Pokémon Yellow - Staff Retroview  

Same Game With A Small Twist
by Derek 'Roku' Cavin

20-100 Hours


Rating definitions 

   Pokemon Yellow is an "improved" version of Pokemon Red/Blue. Though there are some differences between Yellow and Red/Blue, they are very minor and don't really justify purchasing a new version unless you must own every version, love Pikachu, or don't have a version of Pokemon to begin with. The changes to Yellow are few in number and include your starting Pokemon being Pikachu, you rival's starting Pokemon being Eevee, and a few other changes such as the addition of Jessie and James.

   The Yellow version retains the deceptively simple battle system found in Red/Blue. Each Pokemon has one or two elemental affinities that create its strengths and weaknesses. Each Pokemon can also learn up to four abilities at any given time, each with their own specific amount of times they can be used without resting. It is quite easy to learn how to use this particular battle system, but there is much underlying strategy as well that keep things interesting. An example of this is attempting to create a very powerful and balanced party. Even carefully building and selecting a Pokemon's abilities requires strategy.
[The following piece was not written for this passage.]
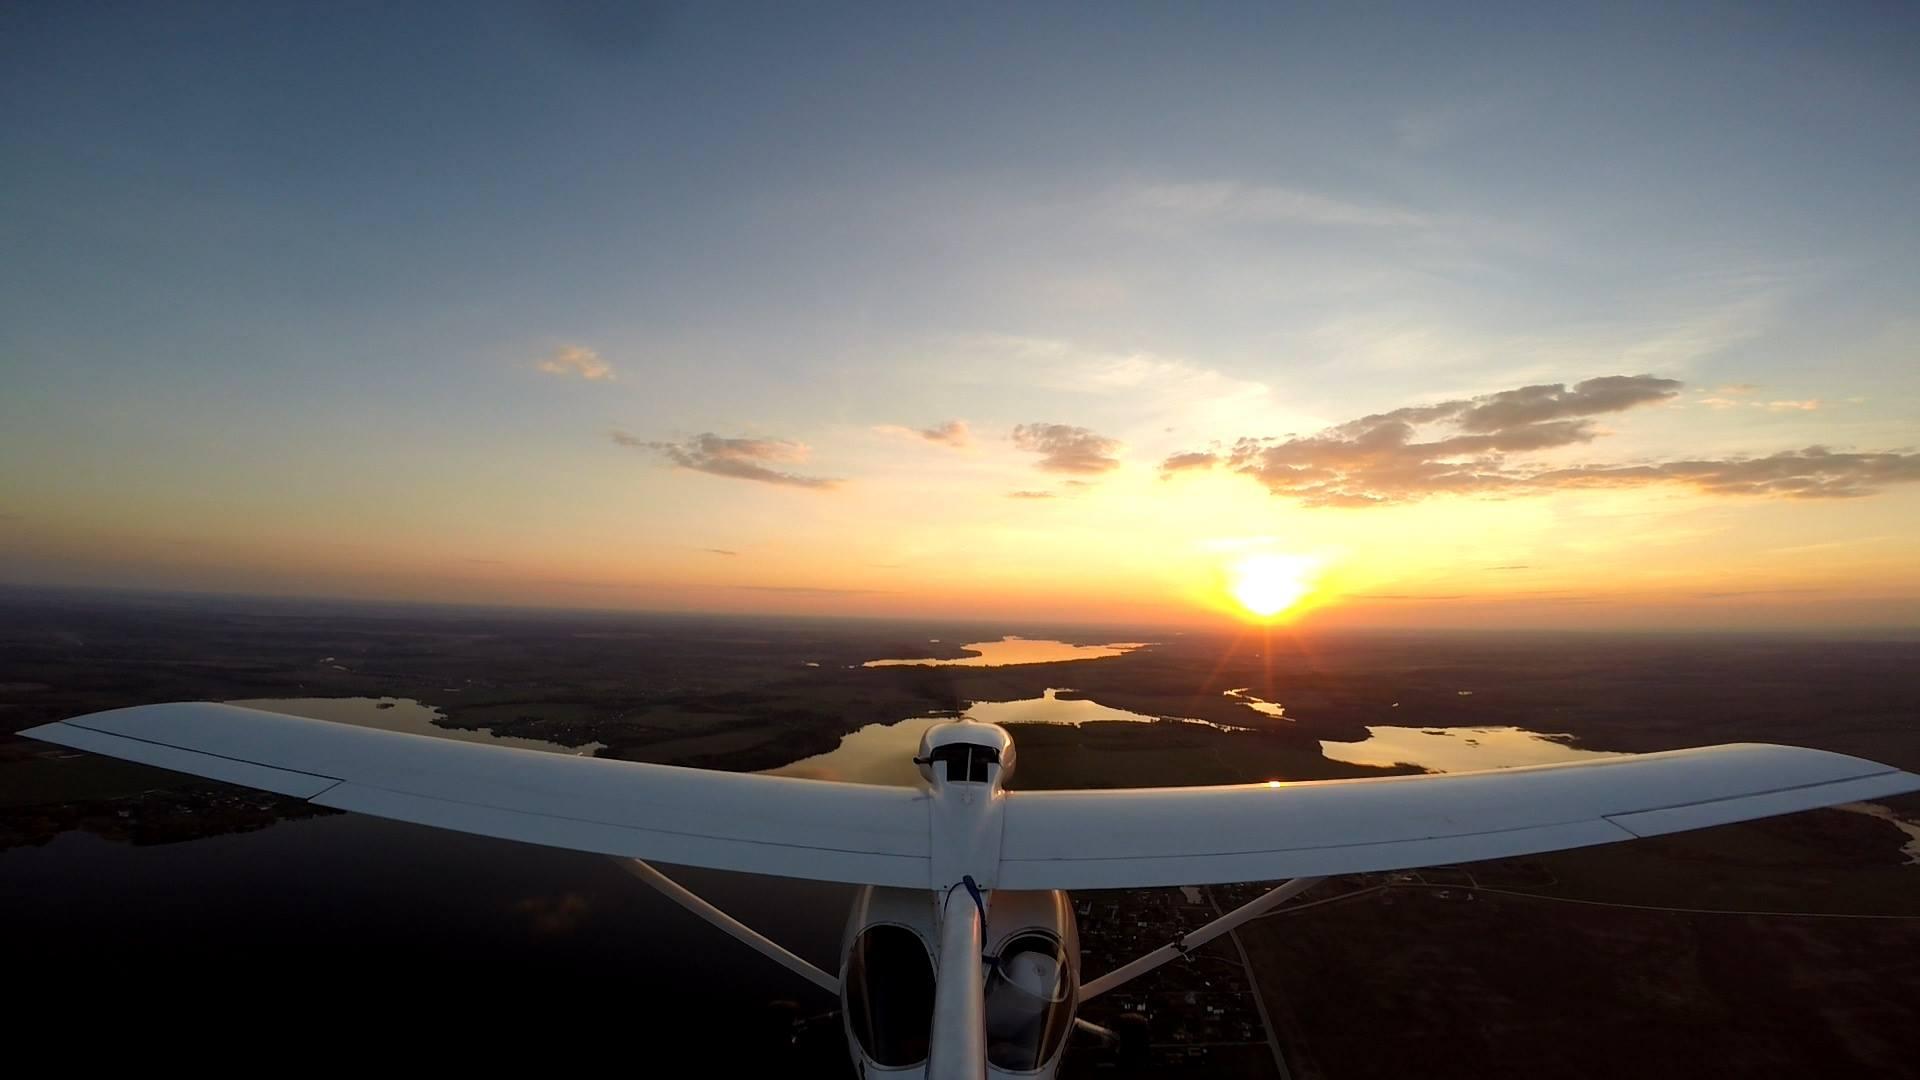 Фото полёта с хвоста самолёта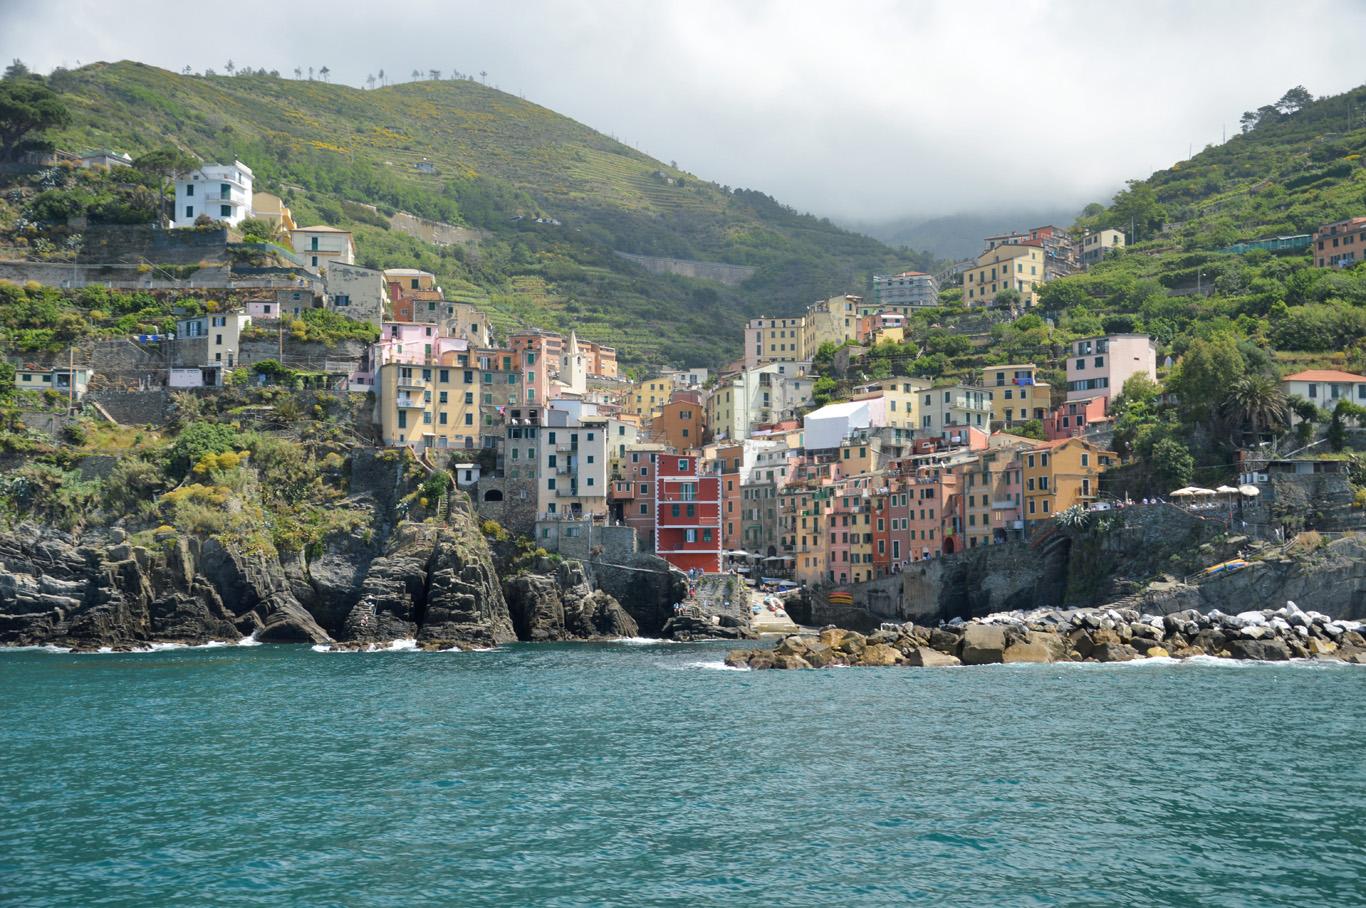 Riomaggiore seen from the boat

The amount of strategy involved in constructing and implementing an effective party creates an excellent battle system and the simplicity of the system makes it easy to learn as well. The excellent battle system is the real reason to play the game, though it only truly shines in the multiplayer mode.

One of the few new scenes One of the few new scenes

   Despite the battle system's potential for strategy, Pokemon Yellow does very little to test the player. Most opponents lack elemental diversity and thus it is quite easy to exploit their weaknesses. Although money is fairly limited, there is still plenty to purchase a great deal of healing items which decrease enemy difficulty even further. Few opponents can stand up to a well-balanced party, especially when it is backed up with several items that restore all hp.

   Red/Blue had above average localization and a good interface. Yellow is no different, but also makes no attempt to improve upon these less-than-perfect areas. The player must still hunt through menus to perform common actions such as swimming, cutting, and using strength to push boulders. Some kind of shortcut would have been appreciated, but it isn't a major annoyance. There are still some strangely worded phrases to be found throughout the game, but they too aren't so serious that they harm the game and are few in number.

   As Yellow is almost a complete clone of the original packaged as a new game, it is highly unoriginal. There are some new additions to the plot and the added emotions and mood of your companion Pikachu are a nice original touch, but they cannot hide the fact that Yellow is ridiculously similar to its predecessor.

If you like Pikachu, this is the version for you If you like Pikachu, this is the version for you

   Even with its small improvements and additions to the story, Yellow still suffers from Red/Blue's lack of plot. There is very little story aside from gathering gym badges and occasionally fighting against Team Rocket, a group that wants to rule the world using Pokemon somehow. There is very little character development to be found either, as there are very few important characters to begin with.

   As with the Red/Blue version, Yellow can be quickly rushed through in about 20 hours. Collecting all of the Pokemon Yellow has to offer and raising a very powerful party for usage in multiplayer can tack on another 50-80 hours easily. Raising alternates and such can add even more time making Pokemon a good choice for a high playtime mobile game.

   This should not come as a surprise, but Yellow features the same selection of music as Red/Blue. While average for the most part, the good boss music manages to pull it up to slightly above-average. Sound effects are also the same as in the original with the exception of some new and improved Pikachu sounds, but they are only a minor addition.

   While visual remain much the same as in Red/Blue, each Pokemon's sprite has been redrawn and slightly improved in general. Yellow still suffers from average out-of-battle visuals, but the large variety of in-battle detail more than makes up for it. Yellow's visuals are quite good as a whole.

   While the story is lacking, the battle system does much to make up for it, especially in the versus mode. There really aren't enough differences between Red/Blue and Yellow to make it worth playing in addition to the original, but it is still a great game if that fact is ignored. It's worth playing if you don't have a version of Red/Blue or want to collect all of the versions for some reason.